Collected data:
[Start of section]

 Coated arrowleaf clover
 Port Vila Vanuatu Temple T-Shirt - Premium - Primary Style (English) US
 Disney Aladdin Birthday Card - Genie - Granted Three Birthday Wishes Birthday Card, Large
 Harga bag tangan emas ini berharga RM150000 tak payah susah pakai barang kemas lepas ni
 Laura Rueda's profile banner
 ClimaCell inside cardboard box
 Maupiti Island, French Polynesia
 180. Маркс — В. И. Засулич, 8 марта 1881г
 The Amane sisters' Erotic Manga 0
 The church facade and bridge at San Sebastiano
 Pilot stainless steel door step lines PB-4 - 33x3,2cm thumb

[End of section]

Exercise: Transcribe only the lines from the beginning of the entries to the line with "Maupiti Island, French Polynesia", inclusive, exactly as written.

Solution to the exercise:
 Coated arrowleaf clover
 Port Vila Vanuatu Temple T-Shirt - Premium - Primary Style (English) US
 Disney Aladdin Birthday Card - Genie - Granted Three Birthday Wishes Birthday Card, Large
 Harga bag tangan emas ini berharga RM150000 tak payah susah pakai barang kemas lepas ni
 Laura Rueda's profile banner
 ClimaCell inside cardboard box
 Maupiti Island, French Polynesia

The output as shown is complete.